It’s time for us as a nation to rise up, and be real with ourselves. We are not doing enough to help the increasing rates of black HIV-positive men who have sex with men. If you don’t believe me, look at the data.
Last February, the Centers for Disease Control and Prevention released a report predicting that one out of every two gay or bisexual black man will become HIV-positive in their lifetime. That is, if we don’t try and stop it.
Even for those who do become HIV-positive, black MSM still have lower rates of antiretroviral use.
“Blacks continue to be less likely to be prescribed [antiretroviral] treatment,” authors of a report published in the Journal of Infectious Diseases wrote, noting that the difference in ART use “persisted even after controlling for other predictors of lower access, namely, less education, lower income and lack of health insurance.”
Researchers found that the proportion of newly diagnosed HIV-positive men in the U.S. who started ART because of proper access to care increased between 2008 and 2014, however those rates were 9 percent lower among black MSM compared to white MSM.
Why the disparity?
“The issues involved are often as much societal as medical, as with access to housing and education, employment and adequate income, substance use and mental health services, and other social determinants of health,” the authors conclude. “How health systems can be improved and linked to communities of need without addressing these overarching issues remains a massive challenge for investigators and implementers alike.”

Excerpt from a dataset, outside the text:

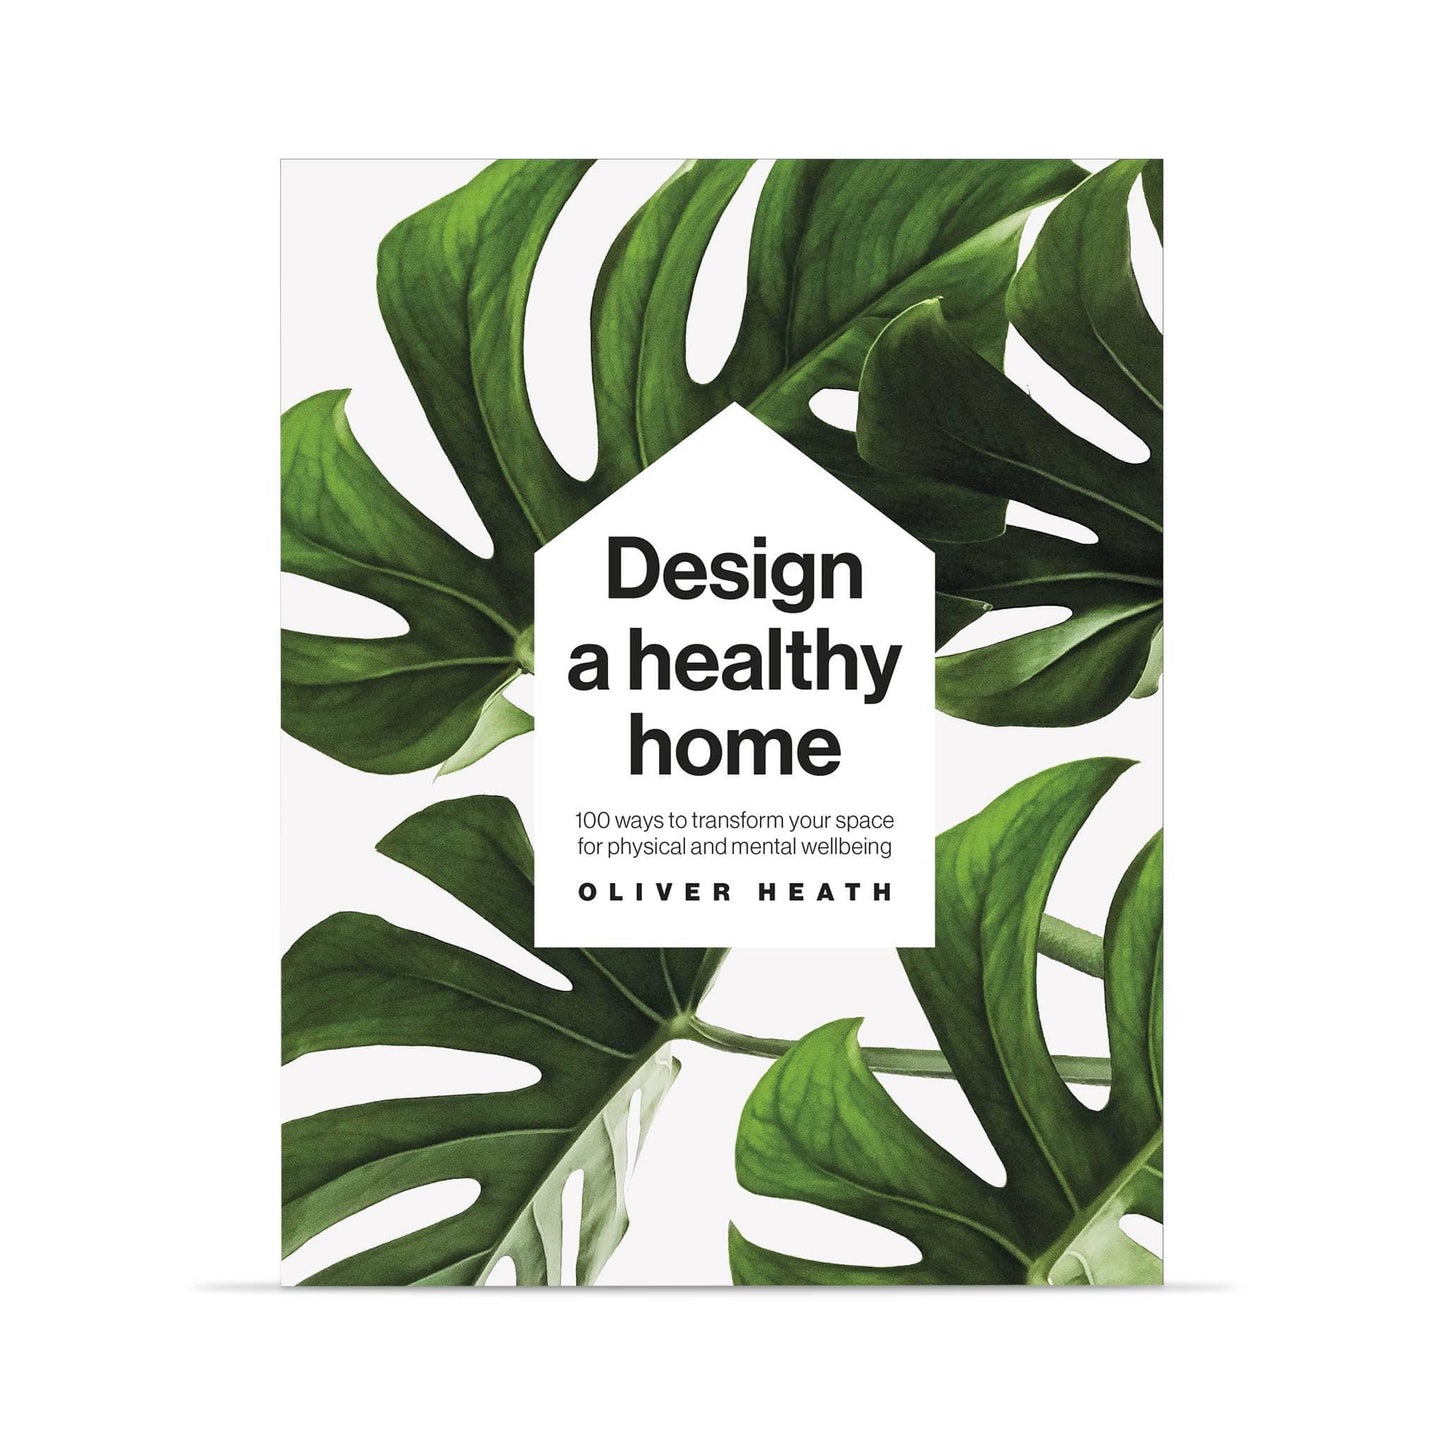 Load image into Gallery viewer, Our Bookshelf Print Books Design a Healthy Home - 100 ways to transform your space for physical &amp;amp; mental wellbeing - Oliver Heath

Discrimination, poverty, stigma, and a lack of access to healthcare affect the overwhelming number of newly diagnosed black MSM — which consist of 45 percent of all HIV diagnoses, according to the CDC.
For the study, researchers reviewed 1,144 adult MSM in 2008, which increased to 1,228 in 2011 and 1,716 in 2014. Participants were recruited from centers in 20 American cities, where particular data was collected, including age, education level, health insurance, region, and race.
As reported by AIDS Map, the proportion of people linked to care within three months of diagnosis increased from 79% in 2008 to 87% in 2014. However, linkage to care was more likely among people with higher levels of education and health insurance. In all years, higher rates of ART use were observed among white people, older age groups, better educated MSM and those with insurance. There were also regional disparities, with people in Southern states having the lowest level of ART use.
Authors of the study also noted that men who live in the South were less likely to be insured because fewer Southern states had expanded Medicaid coverage under the Affordable Care Act.
After looking at the numbers, researchers also said that understanding the racial differences in ART should be the next research priority, concluding that innovate programs and community outreach is highly suggested to bridge the gap.